ロイターではパイロット4人、客室乗務員3人、航空セキュリティの専門家3人、航空会社幹部2人に、中東情勢の緊迫化を受けて欧州航空産業内で高まる安全面での懸念について取材した。
中東は、インドや東南アジア、オーストラリアに向かう航空機にとって重要な「空の回廊」であり、ユーロコントロールのデータによれば、昨年は欧州との往復で1日1400便が飛び交っていた。
欧州で中東上空の運航の安全性をめぐる議論が活発になっているのは、世界の他地域と違い、欧州のパイロットが労働組合により守られていることが大きな要因だ。
ルーマニアの航空機乗務員労働組合FPUルーマニアが8月26日付けでEASAと欧州委員会に送った書簡には、「誰であれ、こうした危険な環境下で勤務することを強いられるべきではなく、搭乗者の安全と幸福を上回る商業的利益は存在しない」と書かれている。
別の書簡では、乗員らがルートの決定について透明性を高めるよう航空会社に要請し、危険なルートの飛行を拒否する権利を求めている。
昨年パレスチナ自治区ガザで戦争が勃発して以来、中東情勢の緊迫に関連した民間航空機の死亡事例や事故は発生していない。
エールフランスは、自社の旅客機1機が10月1日、イランによるイスラエルに対するミサイル攻撃の最中にイラク上空を飛行していたことを受けて、内部調査を開始した。この攻撃の際、航空各社は中東の関連地域に向かう数十便を急きょ迂回させていた。
イスラエルとイランの間で緊張が続き、シリア反体制派によりアサド政権が突然崩壊したことで、中東地域でさらに混乱が広がる懸念は高まっている。
この地域でミサイルが使用されたことは、ウクライナ東部で2014年にマレーシア航空17便が、また20年にはテヘランを離陸したウクライナ国際航空752便が撃墜された事件を想起させる。
パイロット3人、航空安全専門家2人はロイターに対し、戦争の混乱の中で偶発的に撃墜されてしまうことが最大の懸念であり、合わせて緊急着陸を強いられるリスクもあると語った。
ルフトハンザやKLMなど欧州航空会社の一部は、乗員が安全でないと感じるルートを回避する選択を許可しているが、ウィズエアーやライアンエア、エアバルチックの乗員にはそうした選択は与えられていない。
エアバルチックのマーティン・ガウス最高経営責任者(CEO)は、同社は国際安全基準を遵守しており、調整する必要はないとしている。
12月2日、ロイターが運航の安全性をめぐるエアバルチックと労組との協議について問い合わせたところ、ガウスCEOは、「特定のルートの飛行を拒否する権利を与えてしまえば歯止めが利かなくなる。次は、対立が生じているからイラクの上空を飛びたくないという人間が現れるのではないか」と述べた。
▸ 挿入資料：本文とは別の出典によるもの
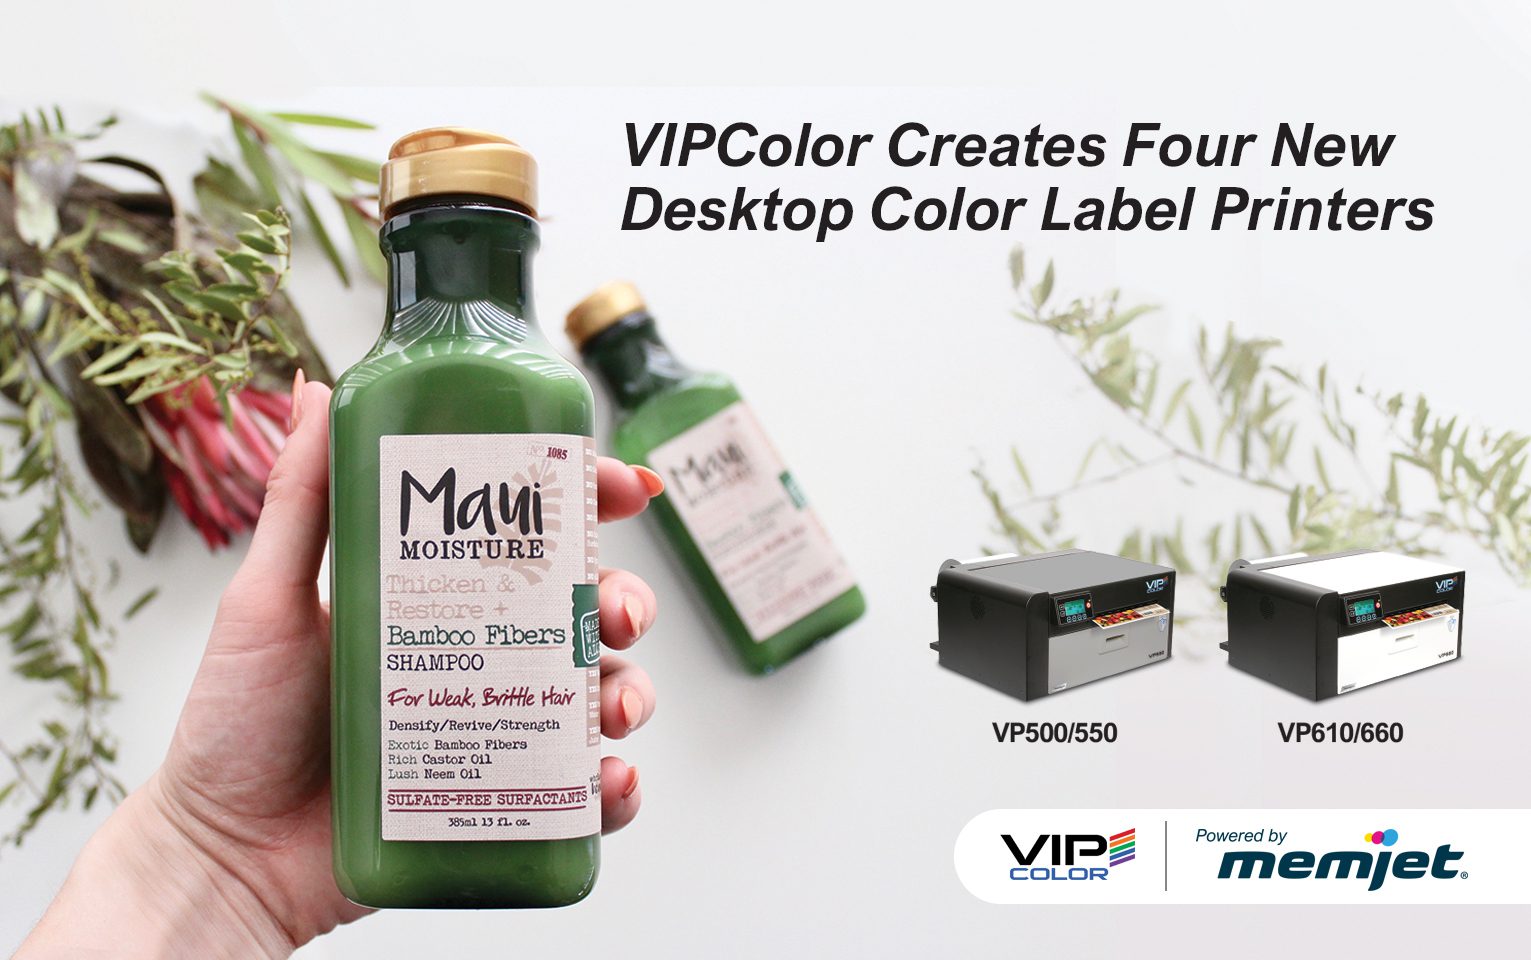 VIPColor Creates Four New Desktop Color Label Printers

9月まで断続的にヨルダンやイスラエル行きの便を飛ばしていたライアンエアは、EASAの指導に基づいて安全性を判断していると述べた。
ライアンエアのマイケル・オリーリーCEOは10月、安全性に関する乗務員の不安に関するロイターの問い合わせに対し、「EASAが安全だというなら、労組や一部のパイロットの主張を聞く必要はない」と答えた。
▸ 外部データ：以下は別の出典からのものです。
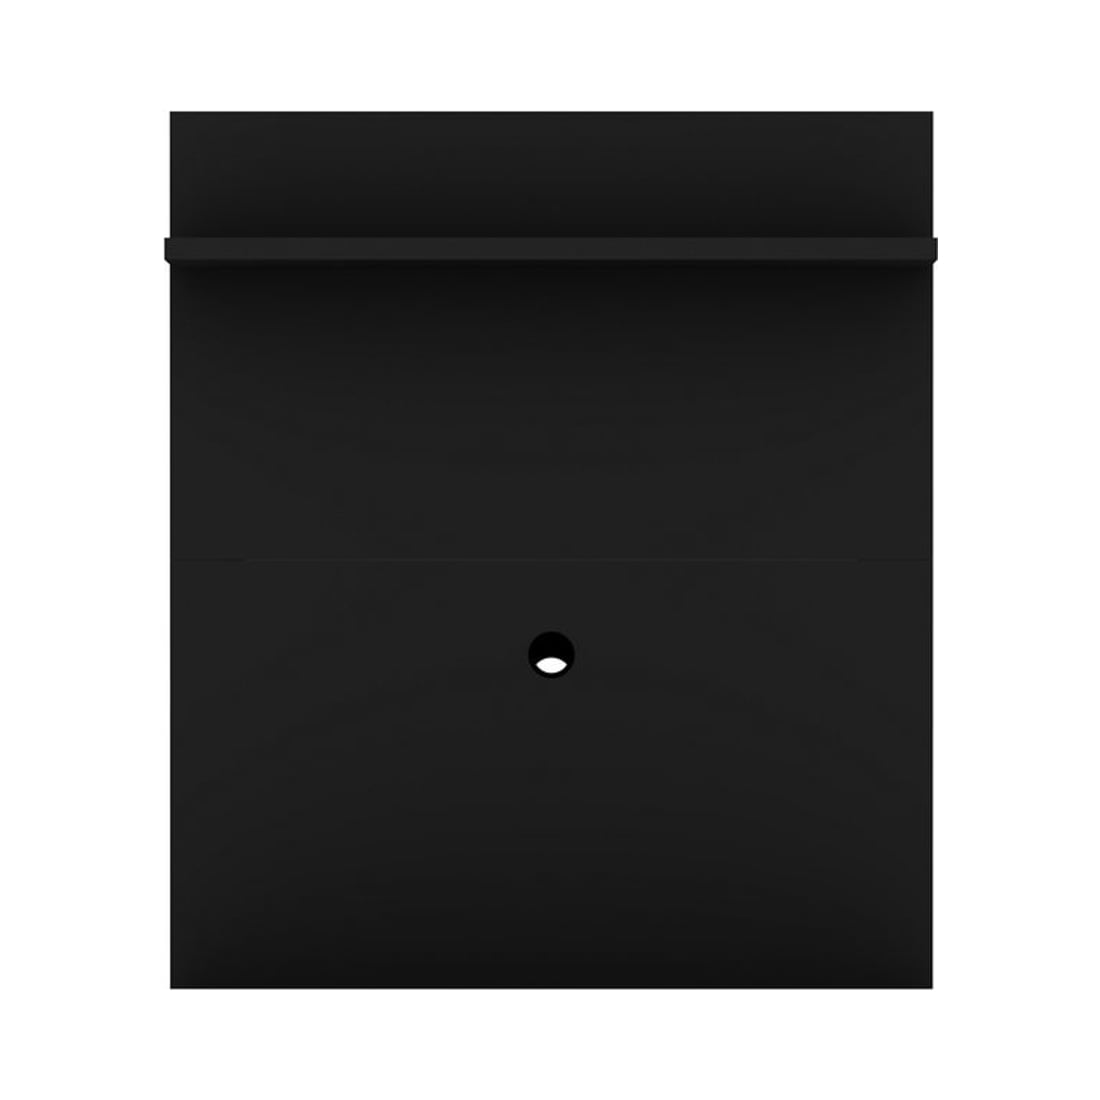 Tribeca 35.43” TV Panel in Black
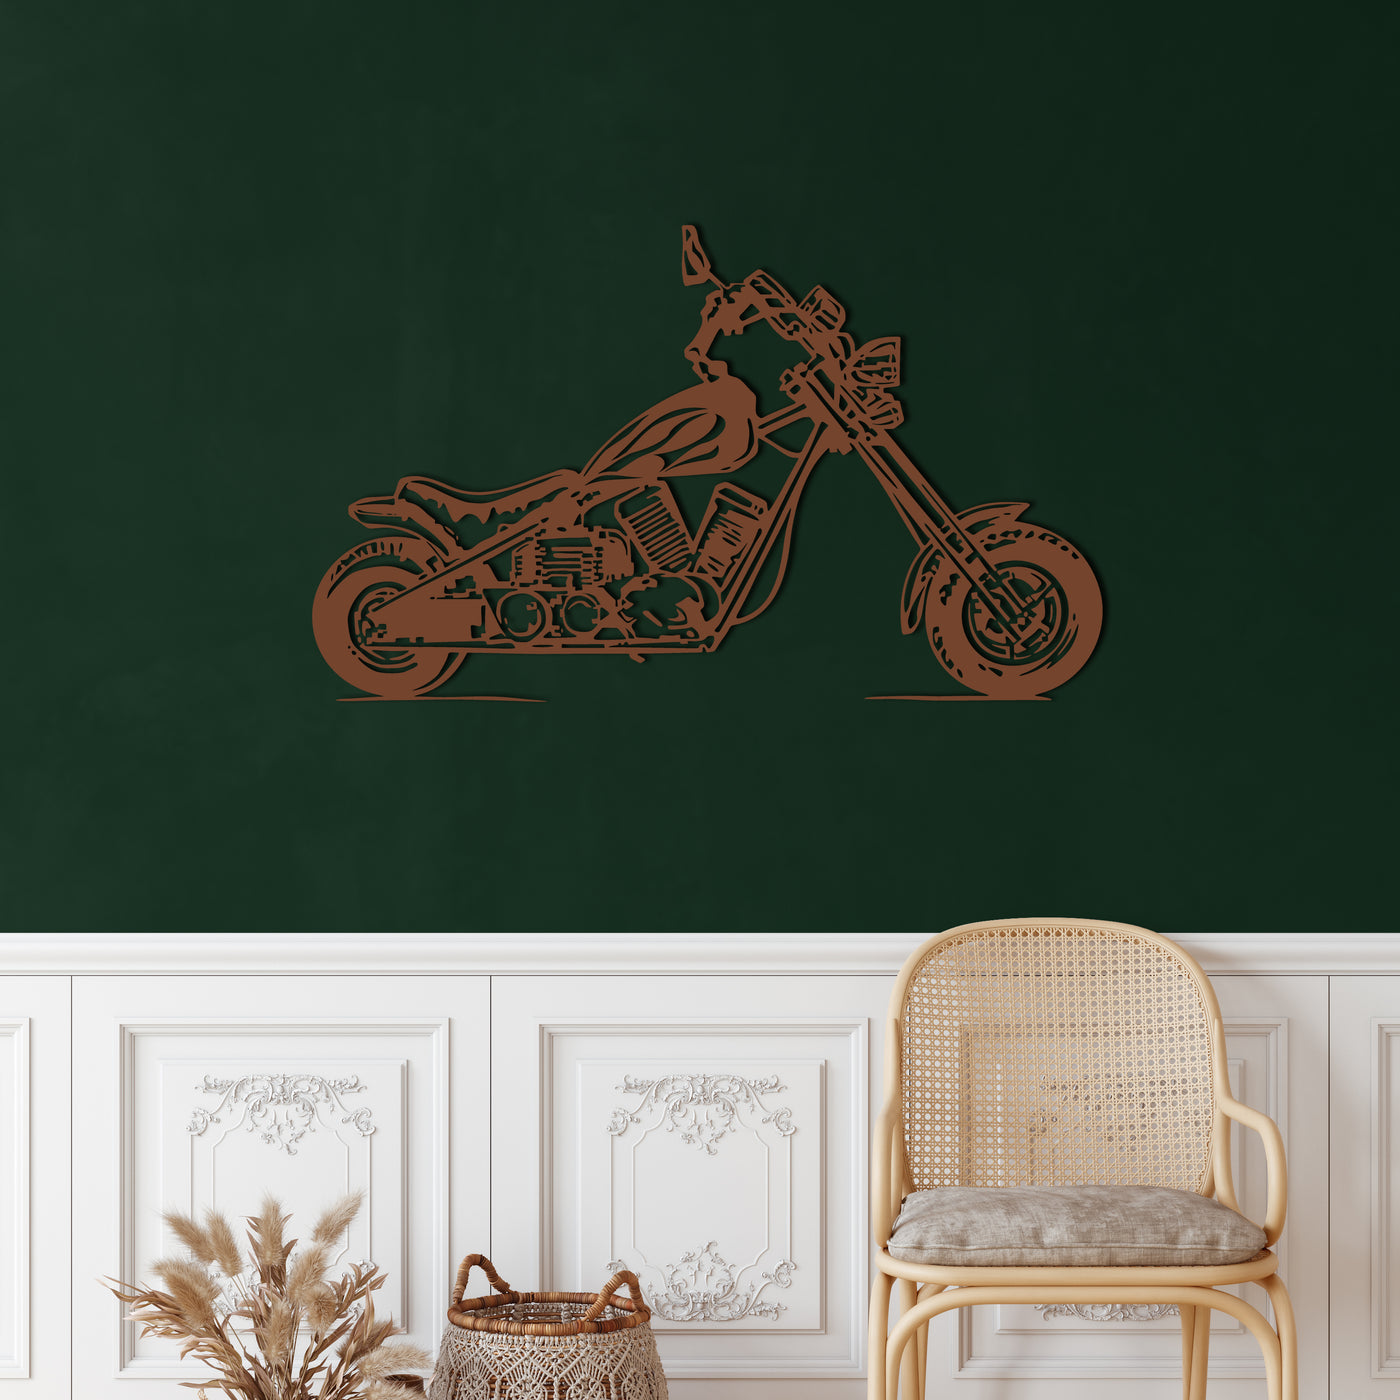 Motorrad Metall Wandkunst

EASAは、中東地域におけるルートの安全性についてここ数カ月パイロットや航空会社と何度も意見交換を行ってきたと述べ、安全性をめぐる懸念を提起したスタッフを処分すれば、従業員が懸念を口にすることを認める「公正な文化」に反することになるとした。
<乏しい安心感>
アブダビで勤務する ウィズエアーのパイロットは、航空産業の安全基準は非常に高いと考えているので、紛争の影響を受けている地域の上空を飛ぶのは気にならない、とロイターに語った。
だが格安航空会社で働く一部のパイロットや乗務員にとって、会社側が与えてくれる安心感は不十分だ。
彼らはロイターに対し、パイロットには危険性が想定される空域を飛ぶことを拒否する選択肢が与えられるべきであり、航空会社のセキュリティ評価についてもっと情報がほしいと話している。
FPUルーマニアのディアムイド・オコンゲイル最高業務責任者(COO)は8月12日付けの書簡の中で、「ウィズエアーは『安全だ』と主張するメールを送ってきたが、民間航空会社の従業員にとっては無意味だ」と述べている。「こうした紛争地域への運航は、たとえそれが救出目的の任務 だったとしても、民間機ではなく、軍の要員・機体で実施すべきだ」
<混雑した空域>
オスプレイ・フライト・ソリューションズが提供する入手可能な最新のデータによれば、先月は中東の紛争地域で165発のミサイルが発射された。前年同月は33発に留まる。
だが、ある空域での運航を強制的に制限するには、国家が自国領空の飛行禁止を選択するしかない。2022年にロシアがウクライナへの全面侵攻を開始した後のウクライナの事例がこれに当たる。
情勢の緊迫化に伴い、複数の航空会社はイスラエルなどの行き先への運航を短期間見あわせることを選択した。4月13日にイランがイスラエルを攻撃したときには、ルフトハンザとブリティッシュ・エアウェイズが運航見合わせを選択した。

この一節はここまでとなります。